Occasionly he found himself presiding over cases in which two brothers in particular (Richard, mentioned earlier, and Edmund Meredith (1845-1921) K.C., London's top criminal barrister) stood before him. They were all excellent lawyers, and hotly harangued one another in the courtroom, but privately remained extremely close to one another, never letting a case be the cause of a rift between them.

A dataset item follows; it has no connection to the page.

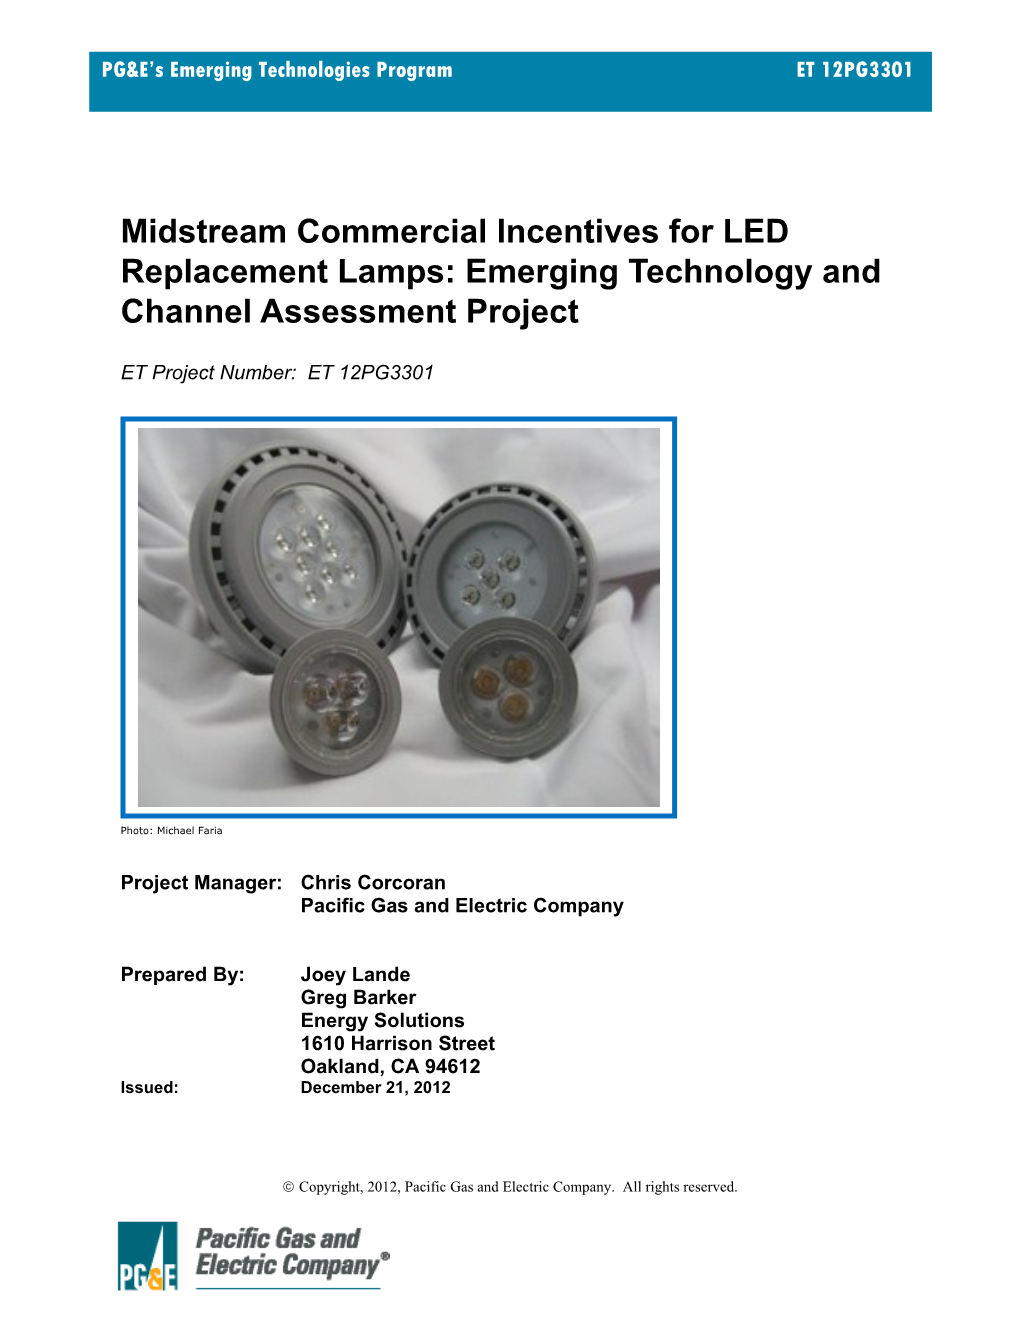 Midstream Commercial Incentives for LED Replacement Lamps: Emerging Technology and Channel Assessment Project

Outside of court Meredith still exercised great political influence, and his 'legislative and forensic skills were frequently enlisted by various governments'. In 1900 Sir William Meredith was elected as Chancellor of the University of Toronto, a position he held until his death, and he also served as Chairman of Toronto's Civic Improvement Committee.

Family Life

In 1862 William Meredith married Mary (1842-1930), daughter of Marcus Holmes, Mayor of London, Director of the London and Lake Huron Railway Company and President of the Horticultural Society. William and Mary lived at Binscarth Road, in the Rosedale area of Toronto, and were the parents of three daughters and one son. Their son, Major John Redmond Walsingham Meredith (1878-1916), predeceased his parents in England during World War One, leaving two daughters. Following a swim off the coast of Maine whilst on holiday, Sir William Meredith became ill and died a few weeks later when staying with relatives in Montreal. He and his wife are interred at the St. James Cemetery in Toronto.